This study involved the development of an integrated robotic gripping platform (Figure 9) for the validation of trajectory planning methods. Based on a high-performance host computer, the system connects to the Realman GEN72 manipulator via Ethernet for real-time operation. During the experiments, standard laboratory balances and test tubes are used to simulate typical chemical laboratory tasks.
During the experiment, the trajectory planning function designed the task trajectory and transmitted the data to the manipulator’s motion controller via a communication protocol. The experimental results showed that the manipulator operated stably with smooth, continuous motion of all joints when executing the optimized trajectory. No mechanical vibrations or abnormal movement behaviors were observed. These results validated the effectiveness and robustness of proposed control method, and Figure 10 showed the manipulator’s motion process of the experiment.

5. Conclusions

This study proposes a multi-objective trajectory optimization method for robotic manipulation tasks in chemical laboratories, with a particular focus on grasping, weighing, and preparation operations. In such scenarios, robotic manipulators are required to operate under strict constraints, including limited workspace, collision avoidance with laboratory equipment, payload sensitivity during weighing processes, and stringent smoothness requirements to prevent liquid spillage or measurement deviations. By integrating seventh-order polynomial interpolation with an improved OMOPSO algorithm, the proposed method effectively addresses the kinematic redundancy and motion continuity requirements of a seven-degree-of-freedom manipulator under laboratory-specific constraints. By jointly considering joint limits as well as velocity, acceleration, and jerk constraints, the method generates a uniformly distributed set of Pareto-optimal trajectories that balance execution time, energy consumption, and motion smoothness. Experimental results demonstrate that the optimized trajectories enhance the reliability of automated chemical preparation workflows. The obtained Pareto solution set allows for flexible trajectory selection according to different task priorities, providing practical support for diverse laboratory operations ranging from rapid preparation to high-precision measurement.
Despite the favorable performance of the proposed method, several limitations should be acknowledged. The experimental validation is primarily conducted under predefined task conditions and static laboratory layouts. In addition, the modeling process simplifies certain factors related to chemical laboratory operations, whose influence on trajectory optimization performance in more complex experimental scenarios remains to be further examined. Moreover, although the improved OMOPSO algorithm exhibits good convergence characteristics for the studied problem scale, its stability and generalization capability for a broader range of task sets or different manipulator configurations require further validation. Future work will focus on extending the proposed framework to dynamic and online trajectory planning, enhancing robustness to uncertainties, and further integrating trajectory optimization with full-process laboratory automation systems.

Author Contributions

Conceptualization, Z.X. and T.L.; data curation, Z.X. and T.L.; formal analysis, H.Y.; funding acquisition, P.T. and J.D.; investigation, H.Y.; methodology, Y.W. and J.D.; resources, P.T. and M.X.; software, Z.X. and T.L.; supervision, P.T. and J.D.; validation, M.X.; visualization, W.X.; writing—original draft, Z.X. and T.L.; writing—review & editing, Z.X., T.L. and P.T. All authors have read and agreed to the published version of the manuscript.

Funding

This work was supported financially by the National Natural Science Foundation of China under grant number 52472422.

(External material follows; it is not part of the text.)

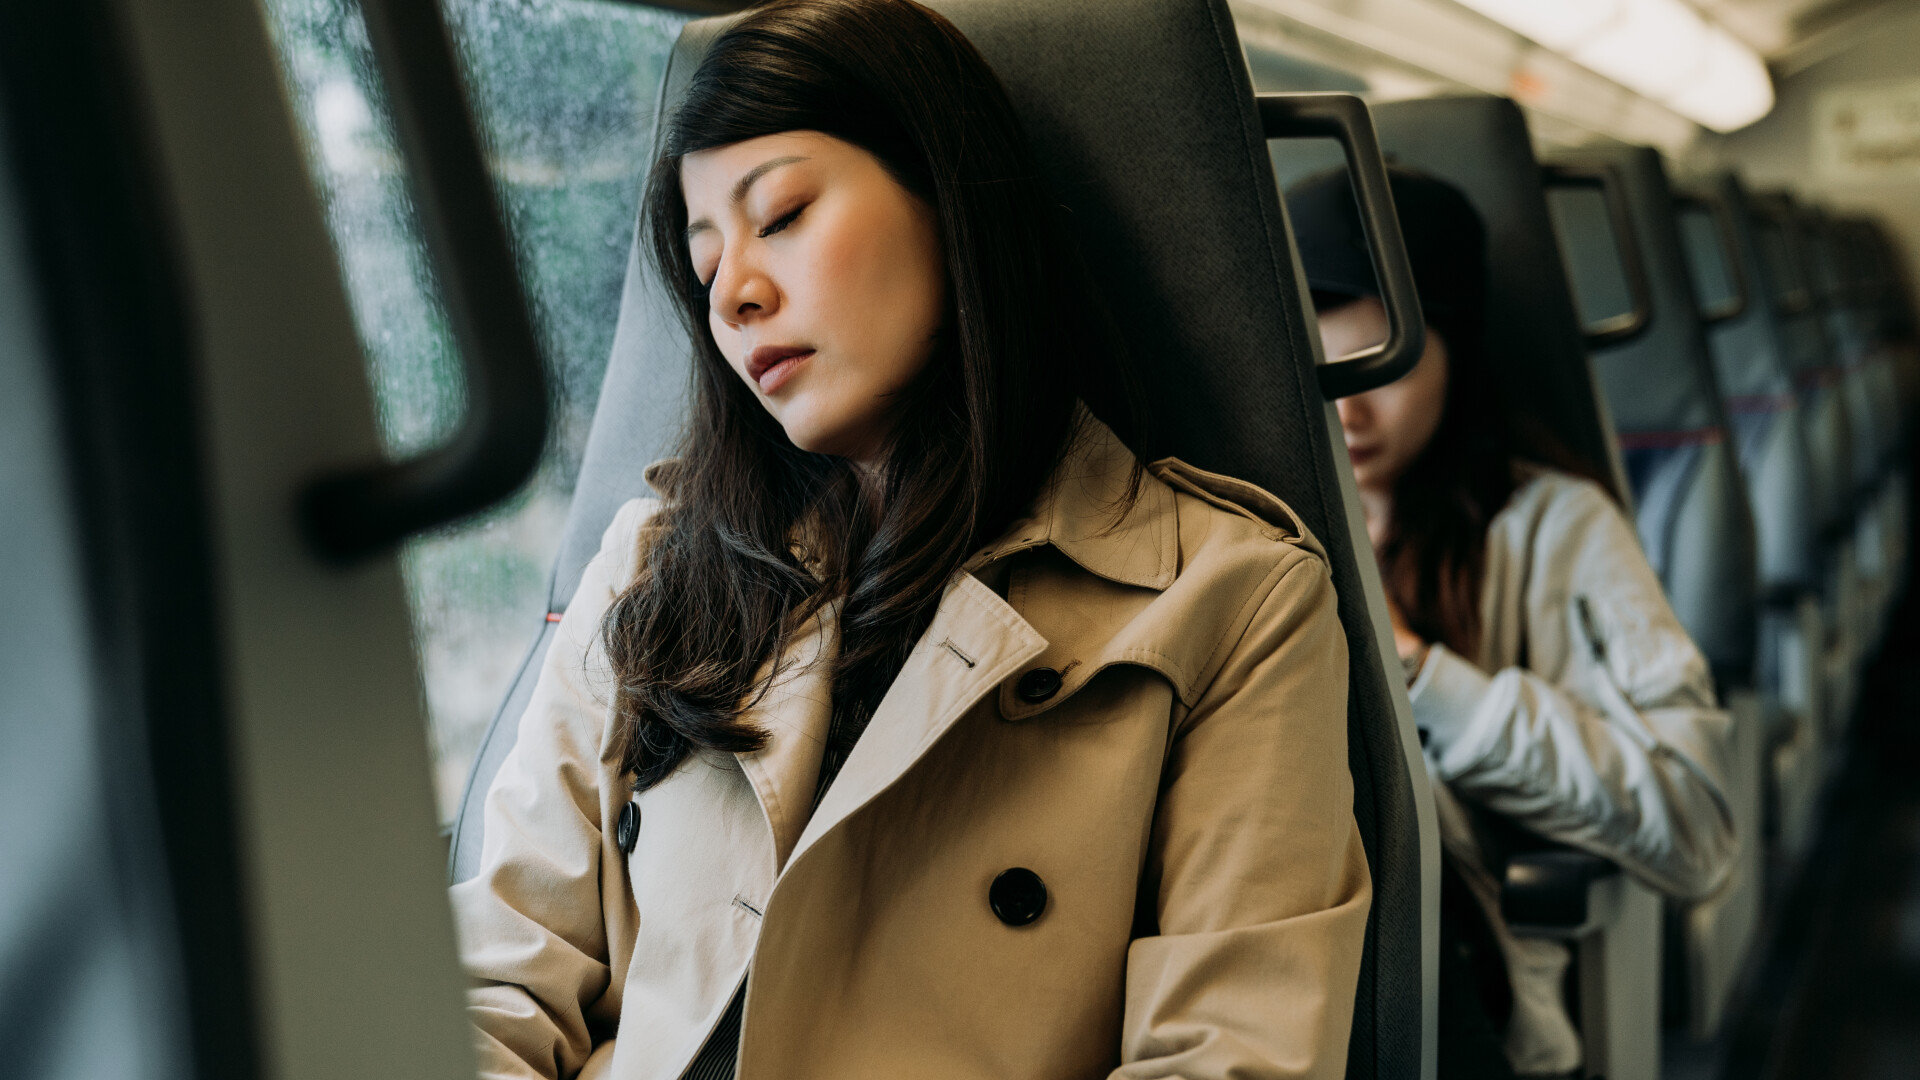 o femeie doarme in tren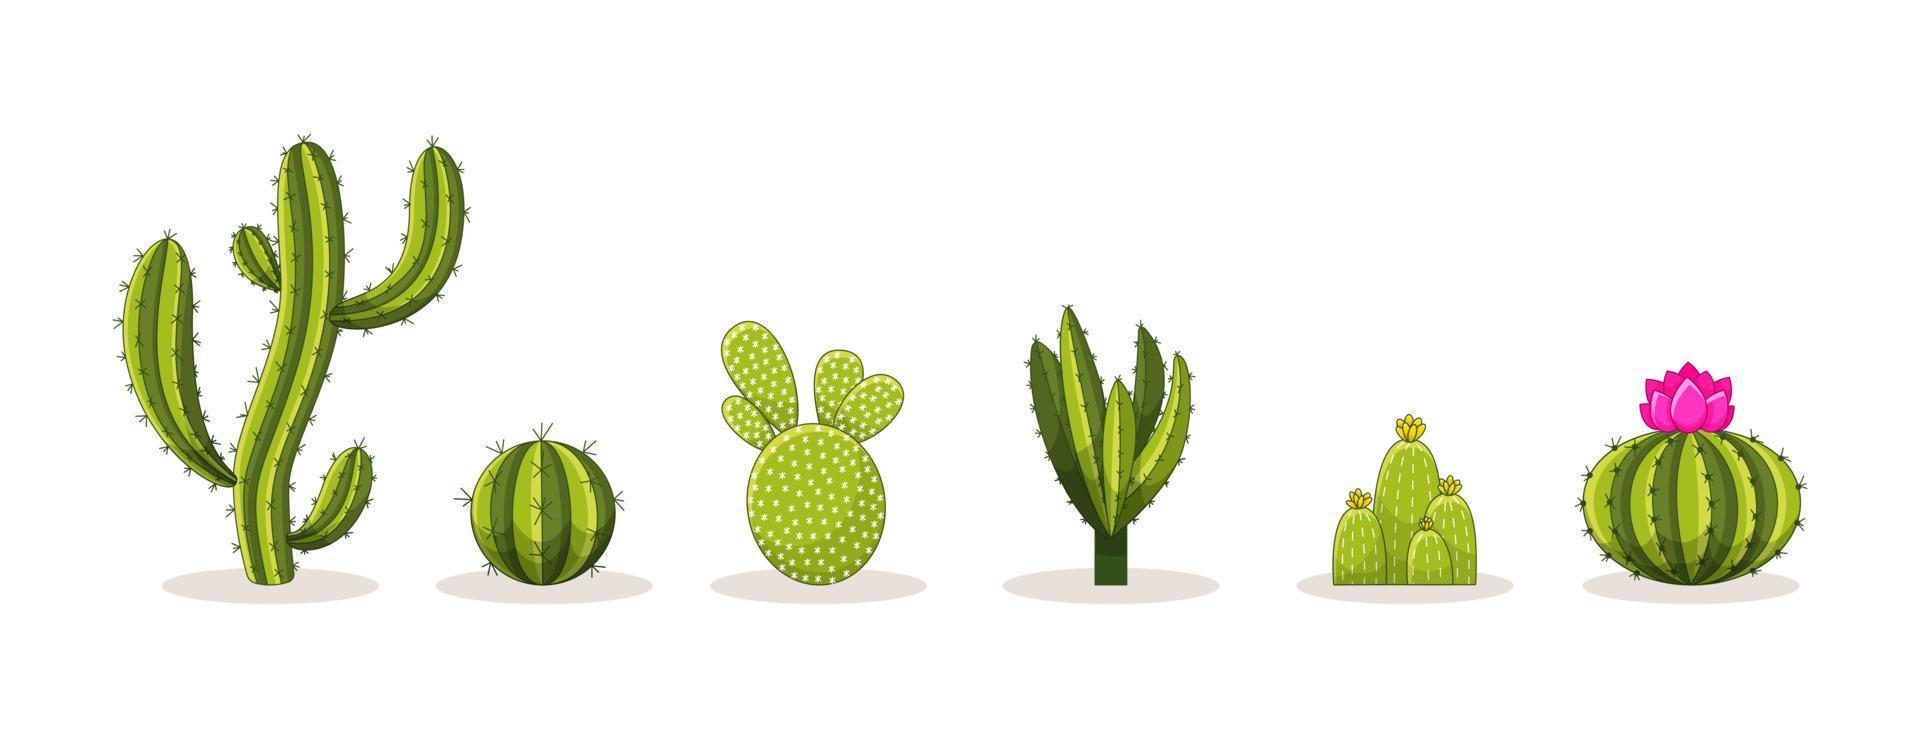 conjunto de cactus con espinas y flores. cactus de plantas verdes mexicanas con espinas. elemento del desierto y el paisaje del sur. ilustración vectorial plana de dibujos animados. aislado sobre fondo blanco vector

Data Availability Statement

Data is contained within this article.

Conflicts of Interest

Authors Weijun Xu and Ming Xu were employed by the companies Gosuncn ChuanglianTechnology Co., Ltd. and Xianheng Internaational (Hangzhou) Electrical Manufacturing Co., Ltd., separately. The remaining authors declare that the research was conducted in the absence of any commercial or financial relationships that oould be construed as a potential conflict of interest.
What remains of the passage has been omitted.